## [Data provided]

-- -- --

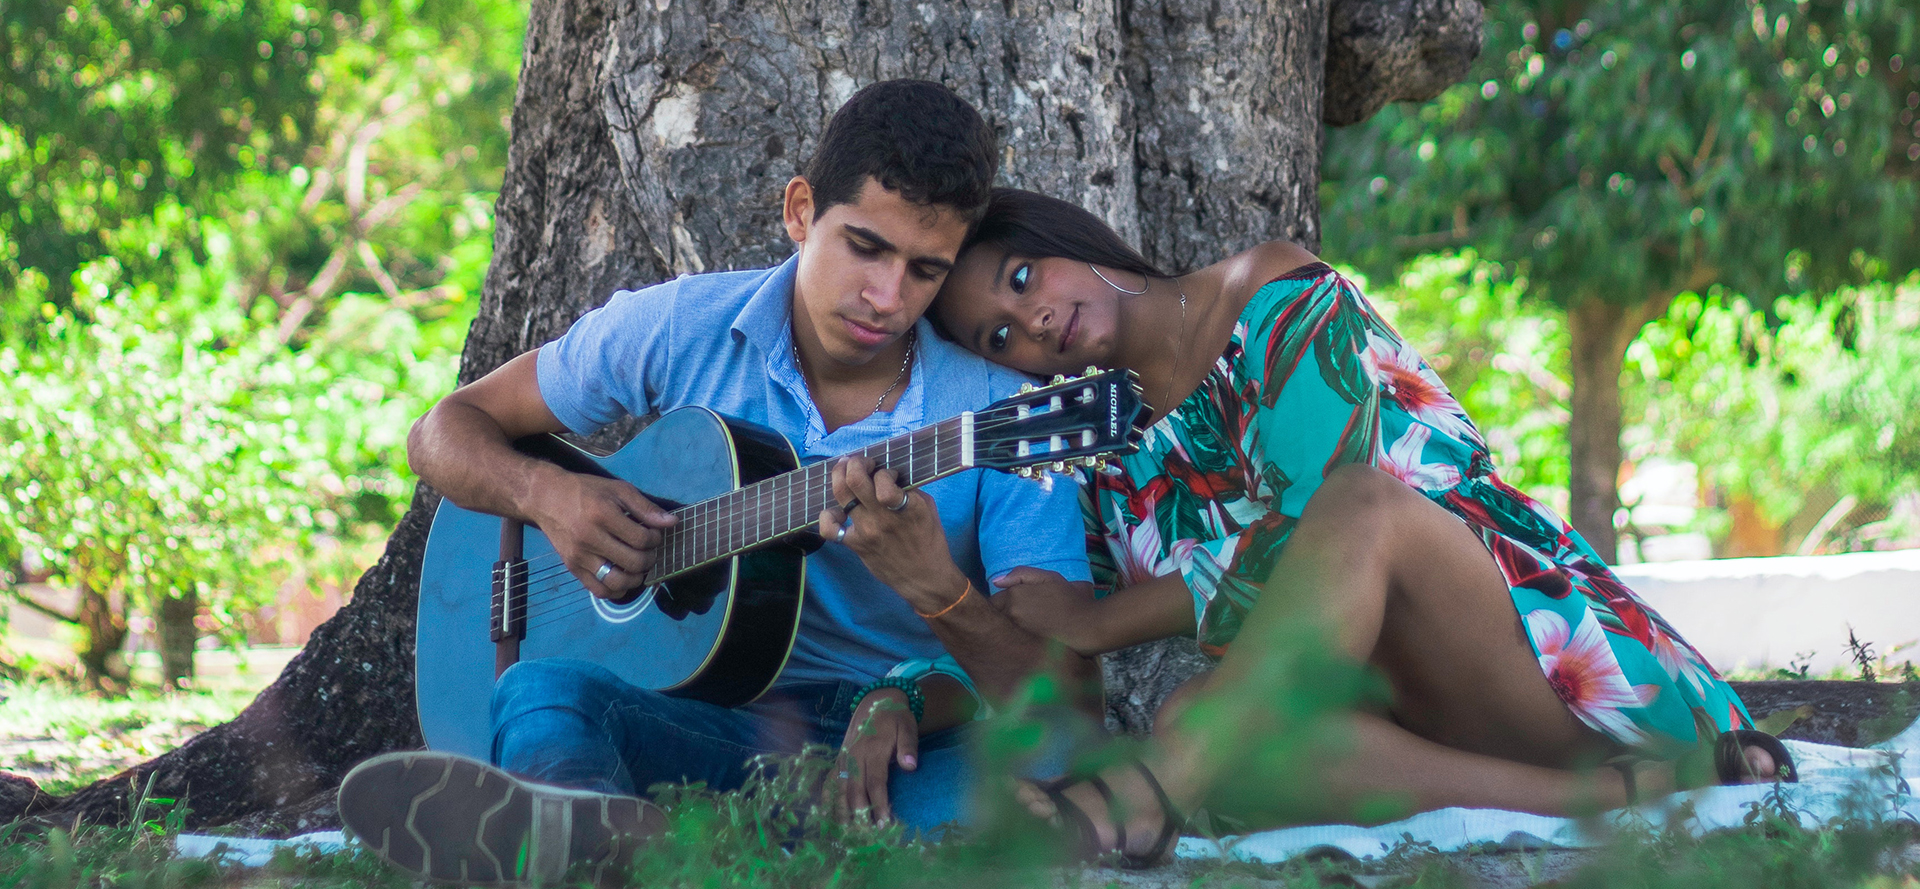 Ein lateinamerikanisches Paar mit einer Gitarre bei einem romantischen Date.
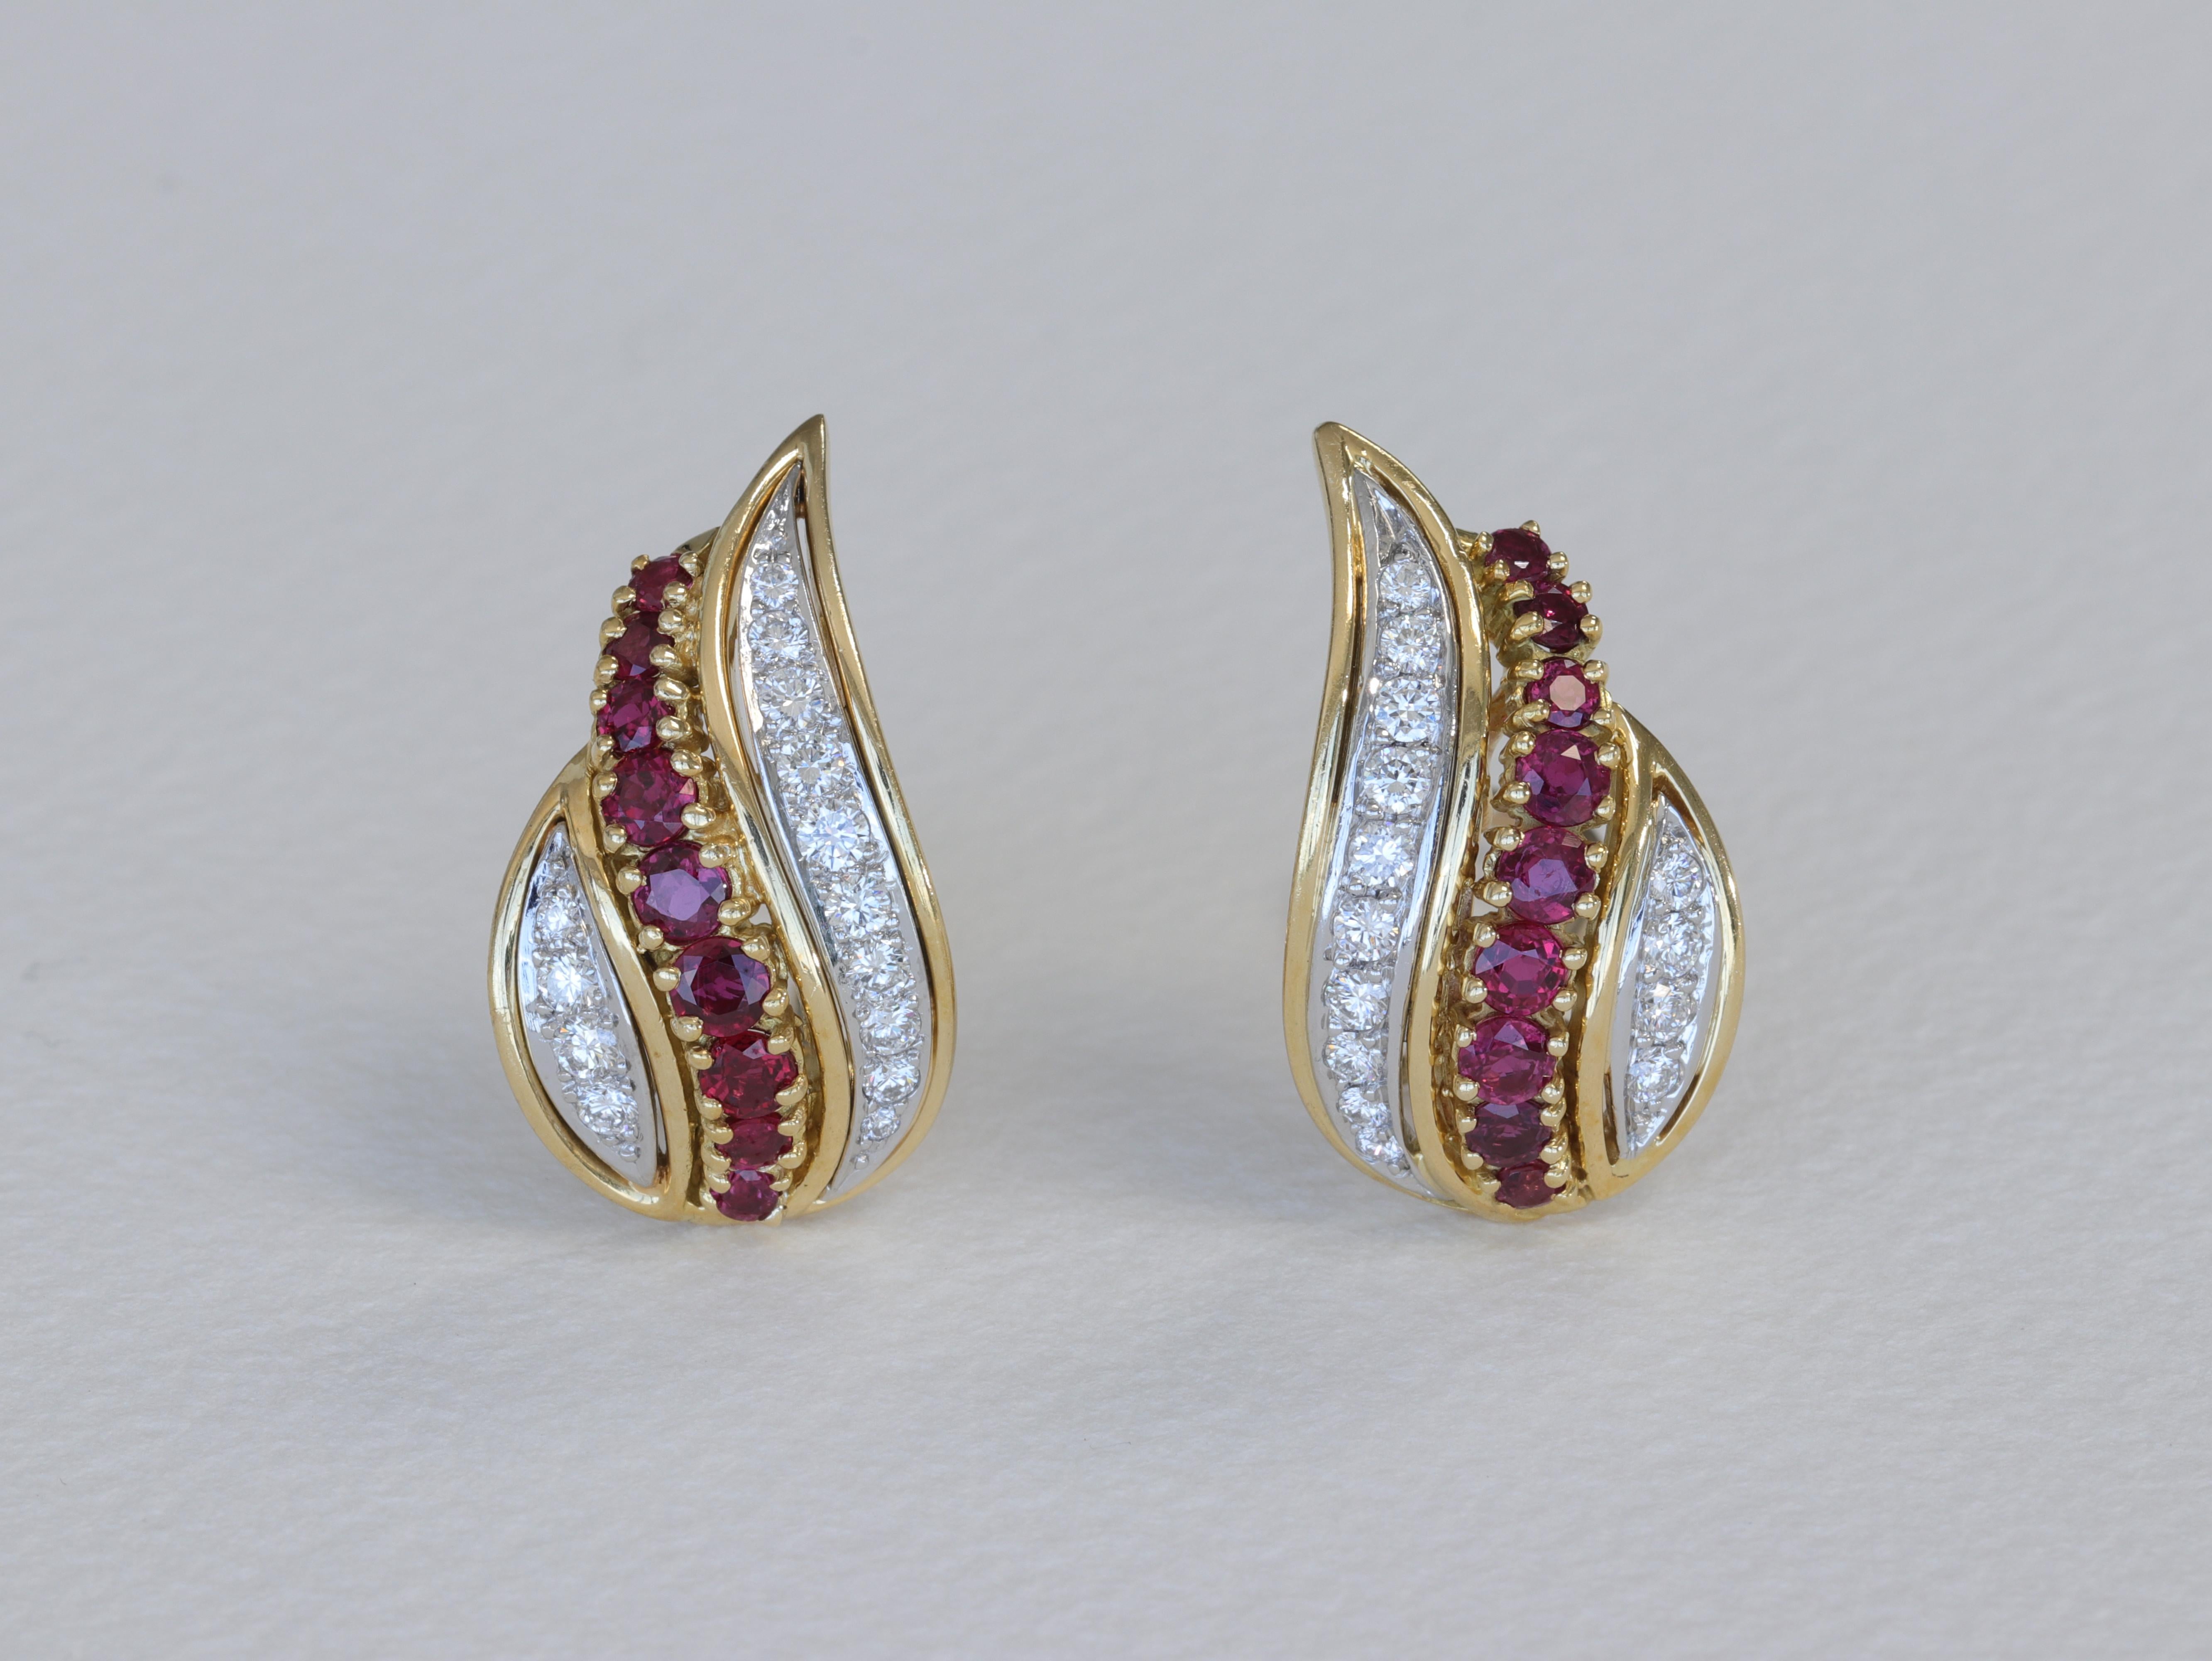 Ein besonderes Paar Ohrringe von Tiffany & Co. mit Paisley-Motiv aus rundgeschliffenen Diamanten und Rubinen, gefasst in 18 Karat Gelbgold und Platin mit Hebelverschluss. 

Die Diamanten wiegen insgesamt ca. 1,50 Karat, haben die Farben D-G und die

-- -- --

## [Requirement]
The data needs to be reproduced exactly, please, apart from its pictures.

## [Task solution]
 Ein lateinamerikanisches Paar mit einer Gitarre bei einem romantischen Date.
 Ein besonderes Paar Ohrringe von Tiffany & Co. mit Paisley-Motiv aus rundgeschliffenen Diamanten und Rubinen, gefasst in 18 Karat Gelbgold und Platin mit Hebelverschluss. 

Die Diamanten wiegen insgesamt ca. 1,50 Karat, haben die Farben D-G und die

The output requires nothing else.